The Adelaide University Boat Club was founded in 1881 and is one of South Australia's premier rowing clubs. The club claims to be the second-oldest in Australia, though this claim is disputed with the Sydney University Boat Club who uses the founding date of the Sydney Rowing Club. It is a member club of Rowing SA (South Australian Rowing Association) and operates from the Torrens River in the Adelaide city centre, and from West Lakes in the suburb of West Lakes. The city boathouse was donated by Robert Barr Smith in 1909. The West Lakes Boathouse is shared with the other South Australian rowing clubs and is administered by Rowing SA.

The main focus of the club is to provide rowing for the students of the University of Adelaide. Each year the club competes in the Rowing Intervarsity and local and national regattas. The premier event is the Oxford and Cambridge Cup (a silver cup similar in style to the America's Cup) for Men's Eights. The cup was donated by Old Blues of the Universities of Oxford and Cambridge in the 1890s.

Olympians that were former members include Australia's first gold medalist in rowing Collier Cudmore, Kate Slatter (Women's Pair Gold and Silver medallist), Jaime Fernandez (Men's Eight Silver), Tim Willoughby (Men's Eight Bronze) and Amber Halliday (Lightweight).

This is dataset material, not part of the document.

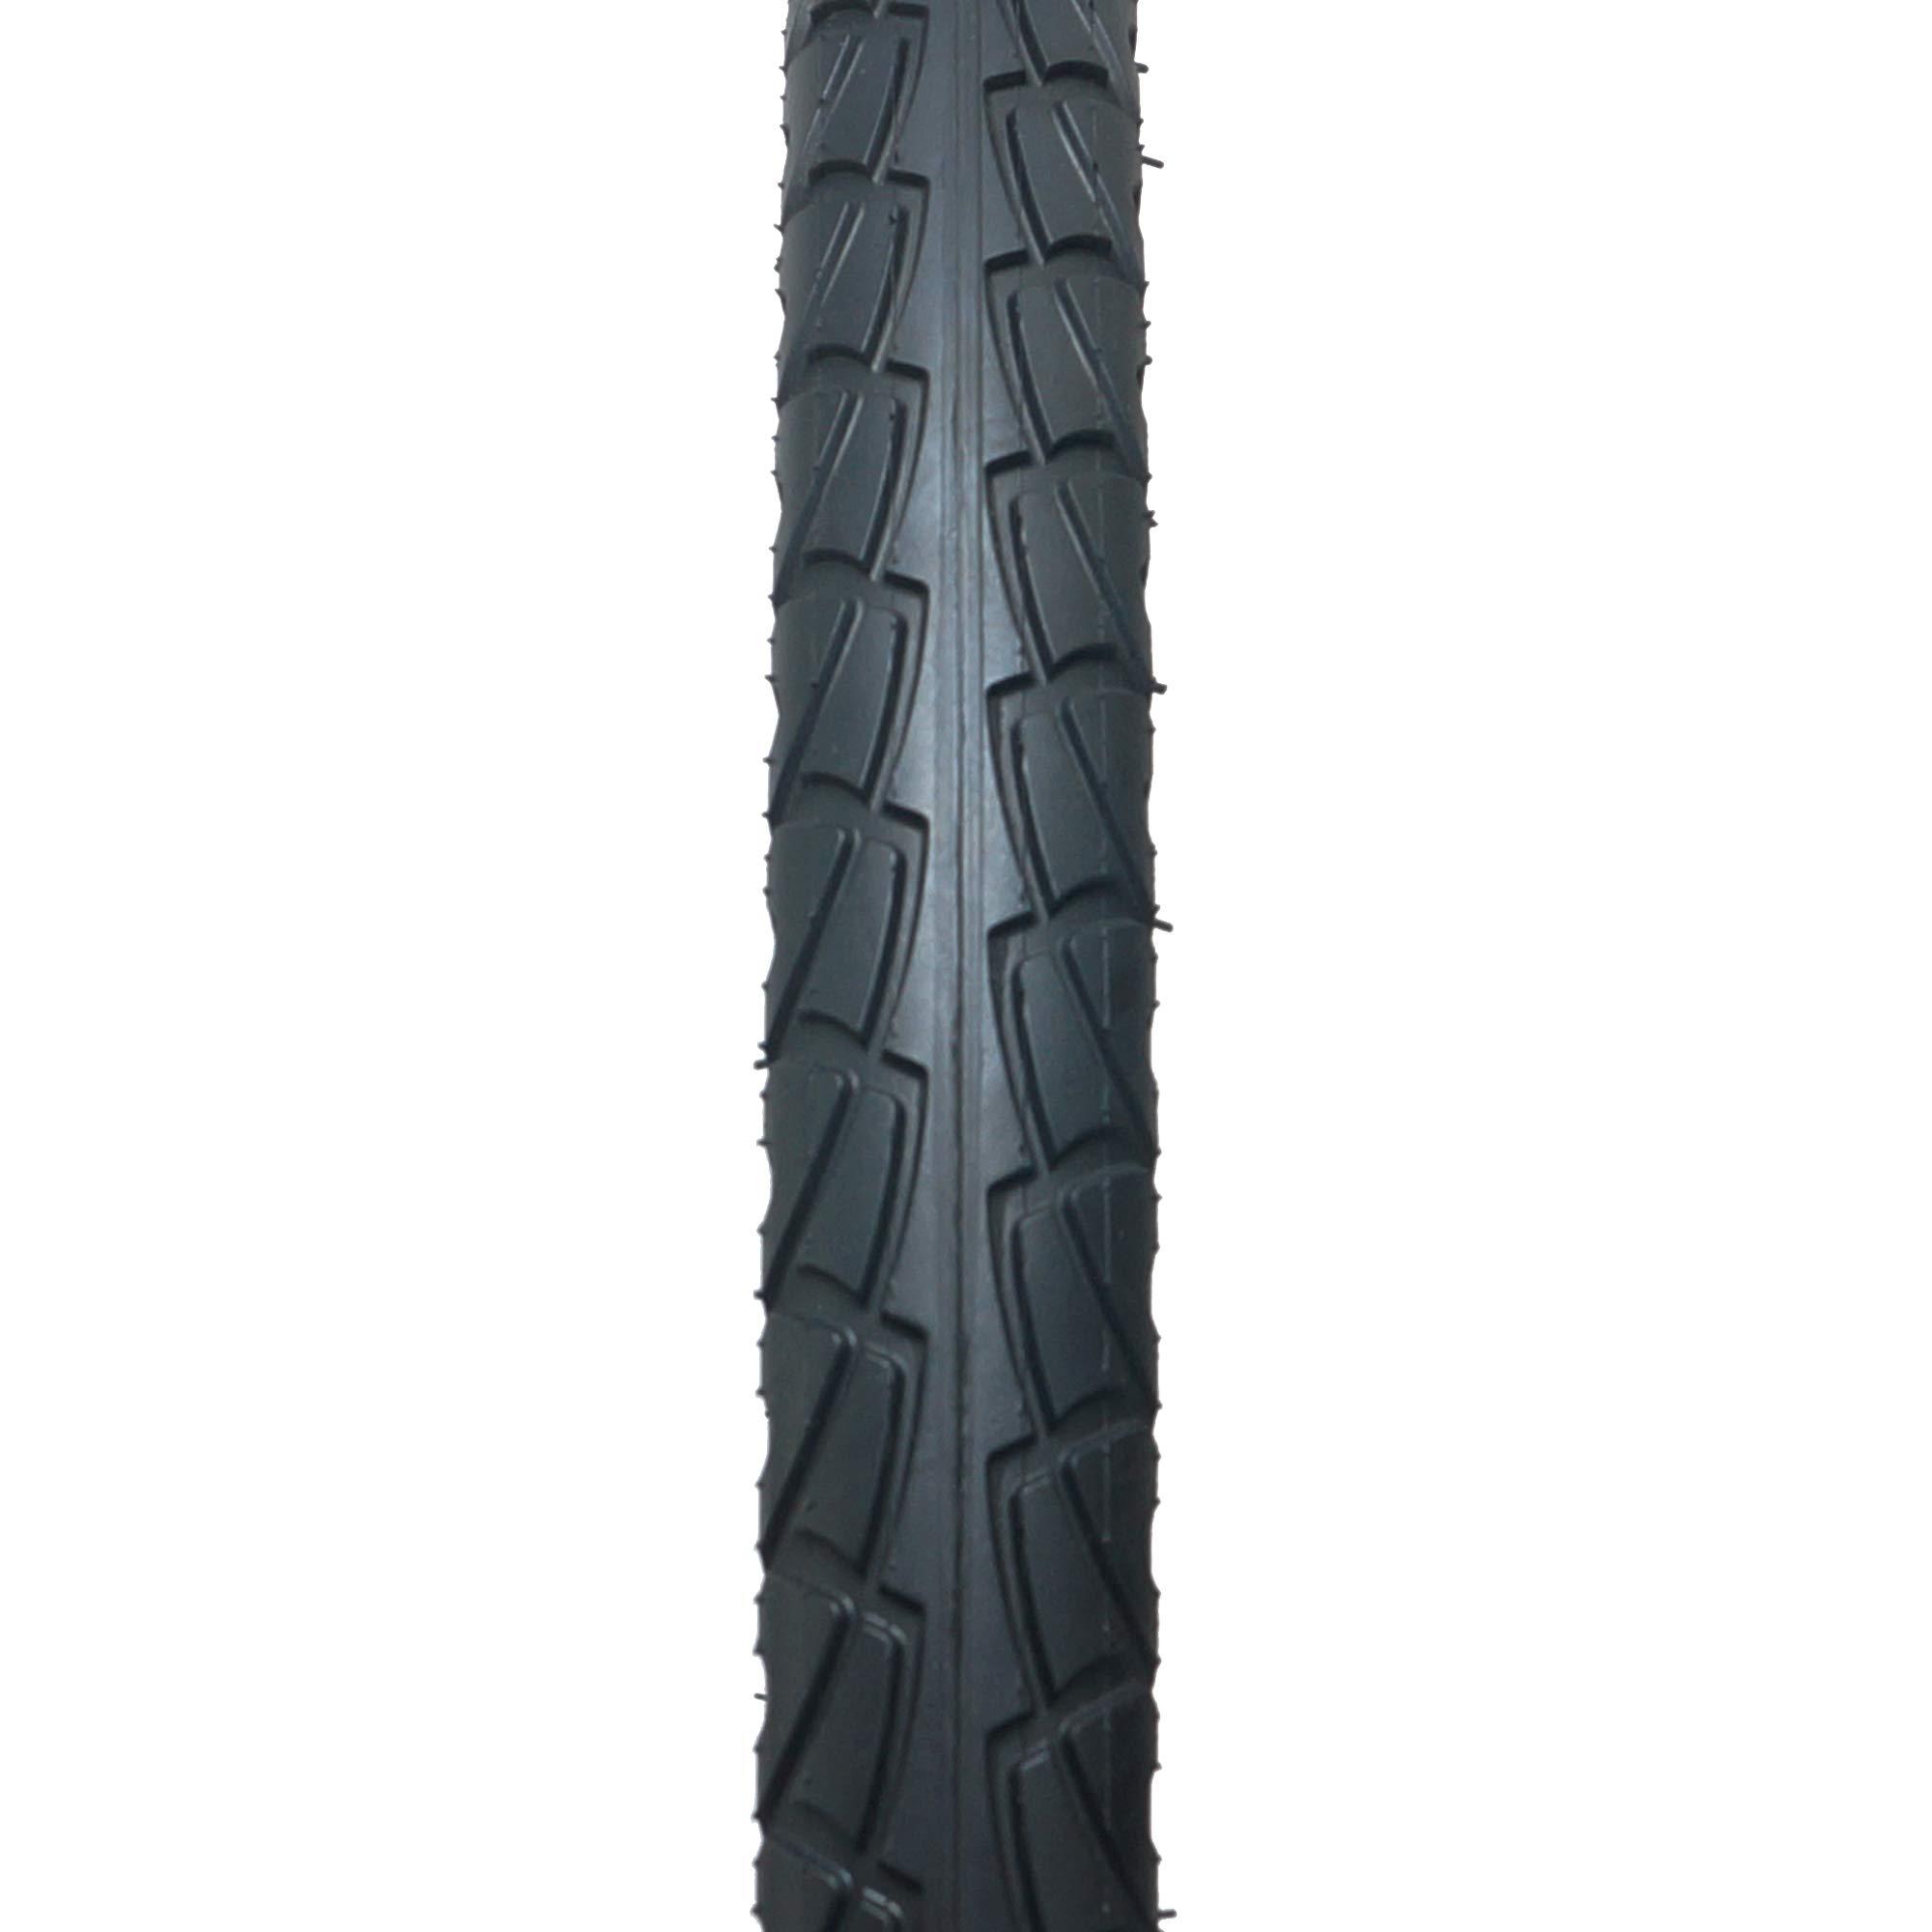 Fincci Par 26 x 2,125 Pulgadas 57-559 Cubiertas para Carretera MTB Montaña Hibrida Bici Bicicleta (Paquete de 2): Amazon.es: Deportes y aire libre

=== Adelaide University Tennis Club ===
The Adelaide University Tennis Club was founded in 1885 and is a lawn tennis club. It was instrumental in the founding of the Adelaide University Sports Association. Dr Albert Curtis came to Adelaide in 1903 having been at the University of Sydney. He had won the 1896 Queensland Doubles Champion and the 1897 NSW Singles Championship. In 1905 he was runner-up in the singles final of the inaugural Australian Open and graduated in medicine.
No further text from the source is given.